In their 2019 publication in Neuron, Busse and her colleagues at Tübingen shed light on the mechanisms by which the large degree of visual information coming in from the retina is processed and transferred in a manageable way to the visual cortex. In the feedforward visual processing pathway, the retina extracts visual information from light inputs and passes this information on via its output layer of retinal ganglion cells (RGCs), which project axons to the dorsolateral geniculate nucleus (dLGN) of the thalamus, which in turn routes this information to the primary visual cortex (V1). Whereas the dLGN has traditionally been thought of as a passive relay in visual signal processing, Busse and her colleagues investigate the hypothesis that it might instead be involved in actively shaping visual signals via several factors including recombination of incoming RGC inputs, processing of cortico-thalamic feedback inputs and local inhibitory interneuron computations, amongst others, which will actively shape the output signals sent to the primary visual cortex (V1)
(e.g. via altering the thalamic firing modes between burst vs. tonic firing). To test the contribution of recombination of retinal input signals from RGCs, Busse and her colleagues recorded responses from RGCs and thalamic cells to the same set of visual stimuli and then used computational modelling to see which retinal cells contribute to the responses of thalamic cells. Fascinatingly, they found that the output of one thalamic cell relies on no more than 5 retinal cells, and that though these retinal inputs are combined to generate an output, they are not given equal weights. Their work highlighted the active role of the thalamus in signal processing, not just signal relaying as is thought to be the canonical function of the thalamus.

== Awards and honors ==
- 2009 Berlin-Brandenburg Academy of Sciences Award
- 2008 Junior Scientist Award of the Leibniz-Gemeinschaft
- 2008 Förderpreis’ of the Berlin-Brandenburg Academy of Sciences
- 2007 Doctoral Thesis Prize “Effects of selective attention on sensory processing of visual motion”

== Select publications ==
- Román Rosón, M., Bauer, Y., Kotkat, A.H., Berens, P., Euler, T., and Busse, L. (2019). Mouse dLGN Receives Functional Input from a Diverse Population of Retinal Ganglion Cells with Limited Convergence. Neuron 102, 462–476.e8.

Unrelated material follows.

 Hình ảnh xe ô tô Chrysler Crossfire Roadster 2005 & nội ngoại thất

- Jurjut, O., Georgieva, P., Busse, L., and Katzner, S. (2017). Learning Enhances Sensory Processing in Mouse V1 before Improving Behavior. J. Neurosci. 37, 6460–6474.
- Khastkhodaei, Z., Jurjut, O., Katzner, S., and Busse, L. (2016). Mice can use second-order, contrast-modulated stimuli to guide visual perception. J Neurosci, 36(16):4457–69.

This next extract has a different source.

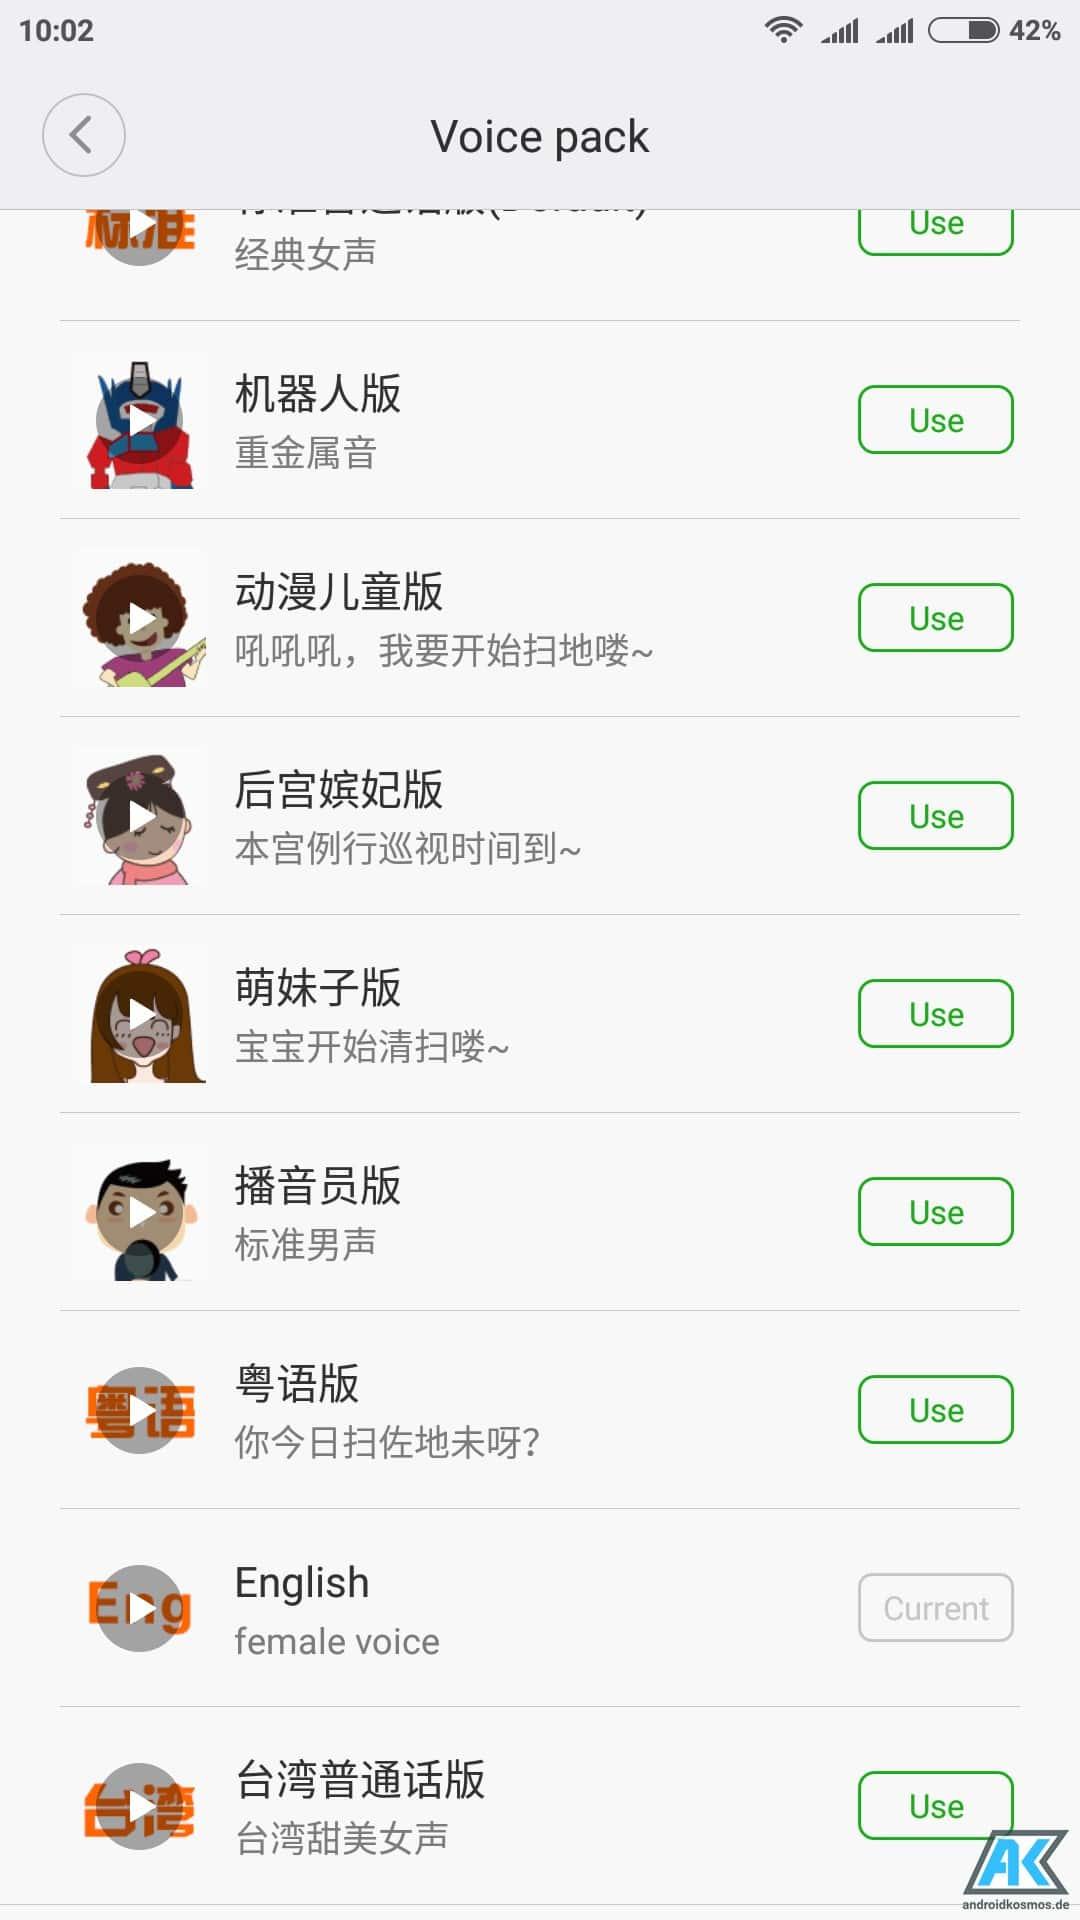 Anleitung: Xiaomi Mi Robot Vacuum Sprache auf Englisch umstellen 7

- Erisken, S., Vaiceliunaite, A., Jurjut, O., Fiorini, M., Katzner, S., and Busse, L. (2014). Effects of locomotion extend throughout the mouse early visual system. Current Biology, 24(24):2899–2907.
- Vaiceliunaite, A., Erisken, S., Franzen, F., Katzner, S., and Busse, L. (2013). Spatial integration in mouse primary visual cortex. Journal of Neurophysiology, 110(4):964–972.

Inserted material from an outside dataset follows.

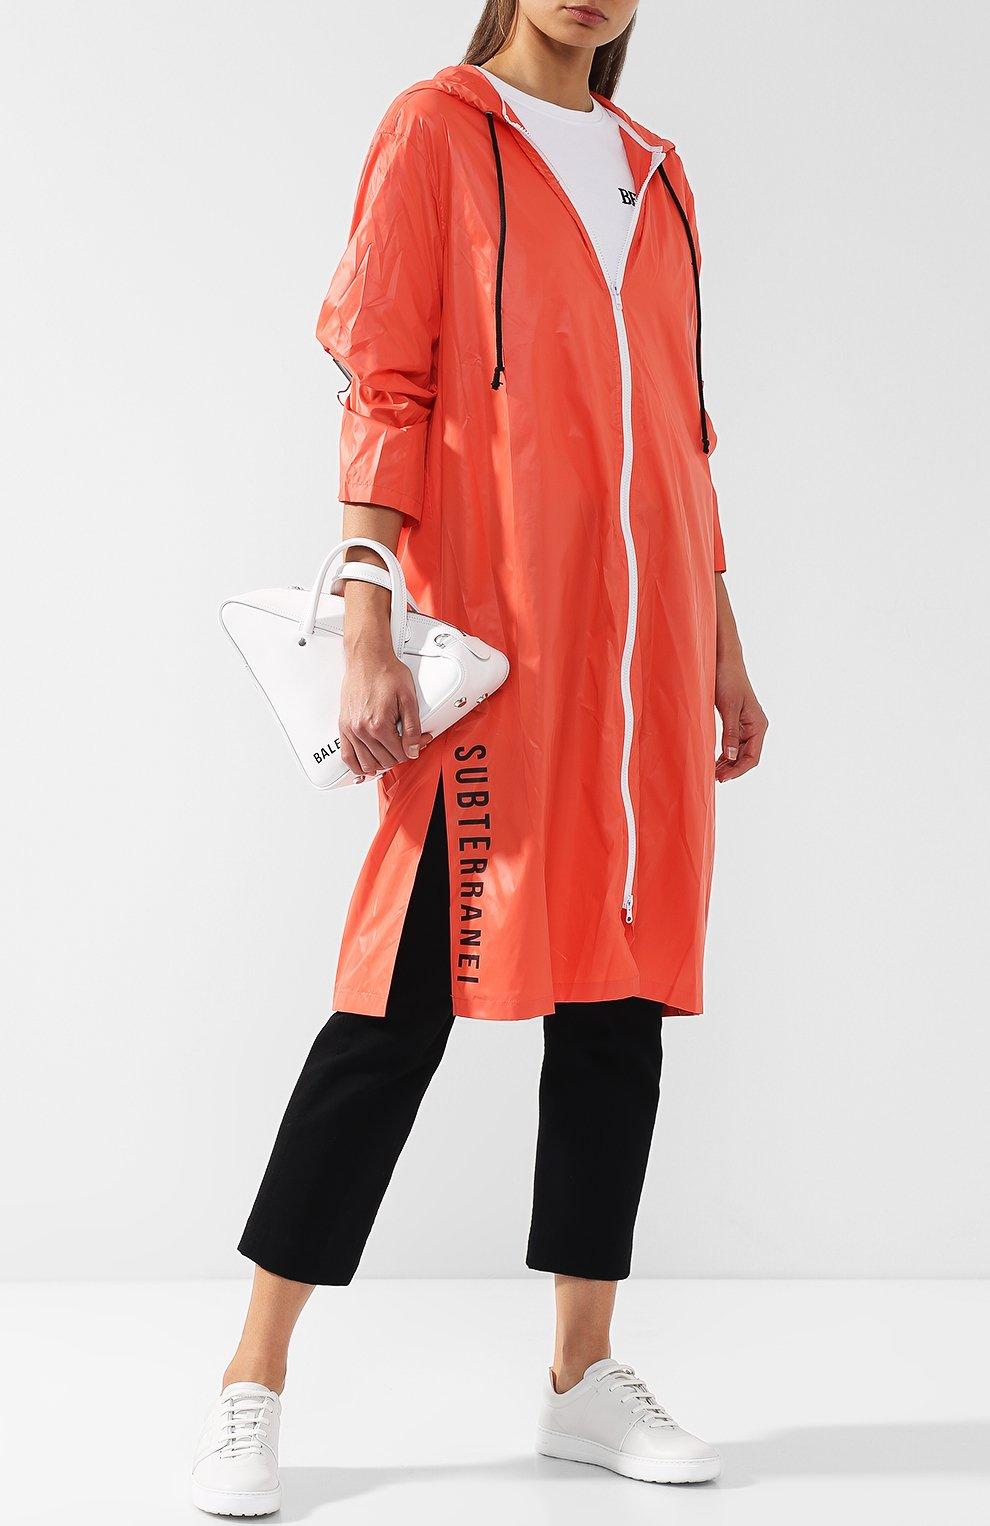 Пальто с капюшоном и полупрозрачной вставкой на спине Subterranei красного цвета | Фото №2

- Busse, L., Ayaz, A., Dhruv, N. T., Katzner, S., Saleem, A. B., Schölvinck, M. L., Zaharia, A. D., and Carandini, M. (2011). The detection of visual contrast in the behaving mouse. The Journal of Neuroscience, 31(31):11351–11361.
- Busse, L., Wade, A. R., and Carandini, M. (2009). Representation of concurrent stimuli by population activity in visual cortex. Neuron, 64(6):931–942.